Patrick Galley, comanager of RiverNorth Opportunistic Municipal Income (RMI), sees value in muni bonds, a large closed-end fund sector, given a pickup in yield compared with Treasuries. The managers can alternate between buying muni bonds or investing in muni closed-end funds; the fund is currently about 60%-40%, respectively. It trades at a 6% discount and employs a good deal of leverage.
High-yield bonds (also known as junk bonds) are issued by sub-investment-grade companies. Investors receive high yields for taking the extra risk of lending to these lower-rated businesses. But as RegentAtlantic’s Kapyrin notes, until recently the market was more high risk than high yield, because actual yields were quite low. At the start of 2020, high-yield bonds yielded only 5%, and the spread over Treasury yields of similar maturity averaged only three to four percentage points.
Within weeks, yield credit spreads soared to 10 percentage points. Terri Spath, chief investment officer of Sierra Investment Management, notes that in the past, when credit spreads blew out to such levels, it heralded an attractive entry point in the high-yield bond market, implying strong future returns for brave investors. Spreads have since narrowed to between seven and eight points, but some good deals remain.
The risks: Defaults of high-yield issuers typically surge during recessions. Ray Kennedy, comanager of Hotchkis & Wiley High Yield Fund, expects the default rate to zoom from a low 2.5% in 2019 to 8%. The energy sector, which has a high weight in the junk-bond market, has been crushed by cratering oil prices; the gap in yields is nearly 20 points over Treasuries, reflecting the risk. The hotel, cruise-line and gaming sectors are also under severe stress. But keep in mind that high yields are supposed to compensate for the risk of rising defaults.

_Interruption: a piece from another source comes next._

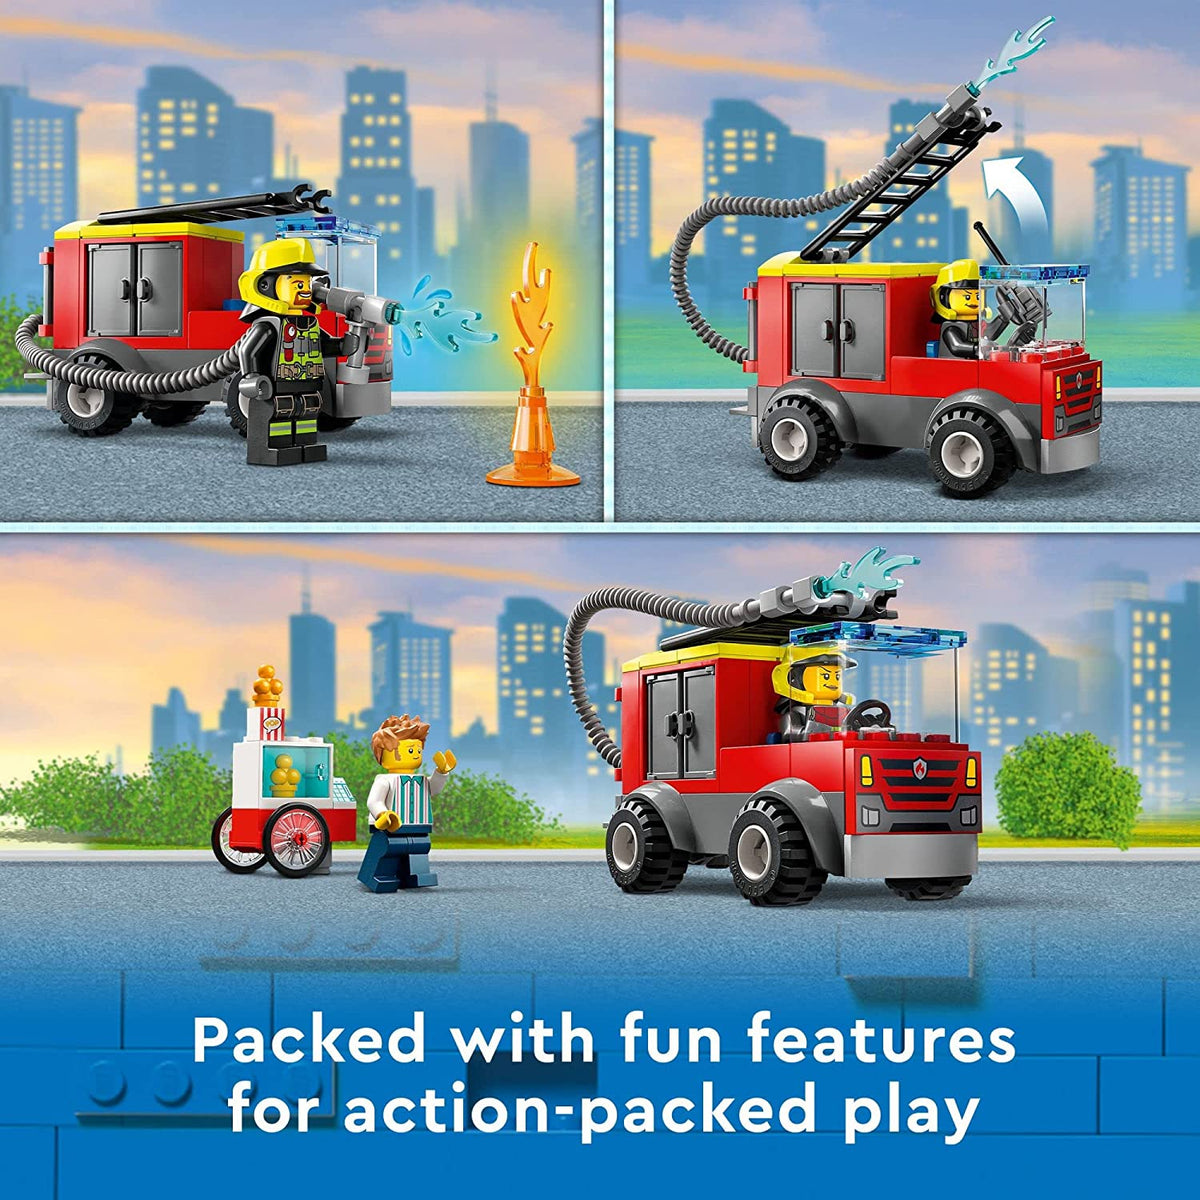 CITY 60375: Fire Station and Fire Truck

How to invest: If indexing is your preference, consider SPDR Bloomberg Barclays High Yield Bond (JNK), an ETF that comes with a relatively modest annual fee of 0.40%.
Many experts, such as Alex Seleznev, portfolio strategist at Councilor, Buchanan & Mitchell, prefer active managers for high-yield bonds—particularly during times of market stress, when seasoned investors can sift through the wreckage to find pearls. Seleznev likes PGIM High Yield (PHYZX), which invests mostly in higher-rated junk (that is, bonds rated double-B and B) and has consistently generated higher risk-adjusted returns than its underlying junk-bond index.
Vanguard High-Yield Corporate (VWEHX), a Kip 25 fund, also tilts away from “junkier” junk, charges a low fee of 0.23% and has held up relatively well in this year’s market carnage. This is an actively managed fund, with Wellington Management as the sub-adviser. Most of the bonds in the portfolio of Osterweis Strategic Income (OSTIX) mature within three years, which explains why its average bond duration of 1.2 is less than half that of the index and its volatility is relatively low. Lead manager Carl Kaufman entered 2020 in a defensive posture, with a big cash hoard, but is now playing offense.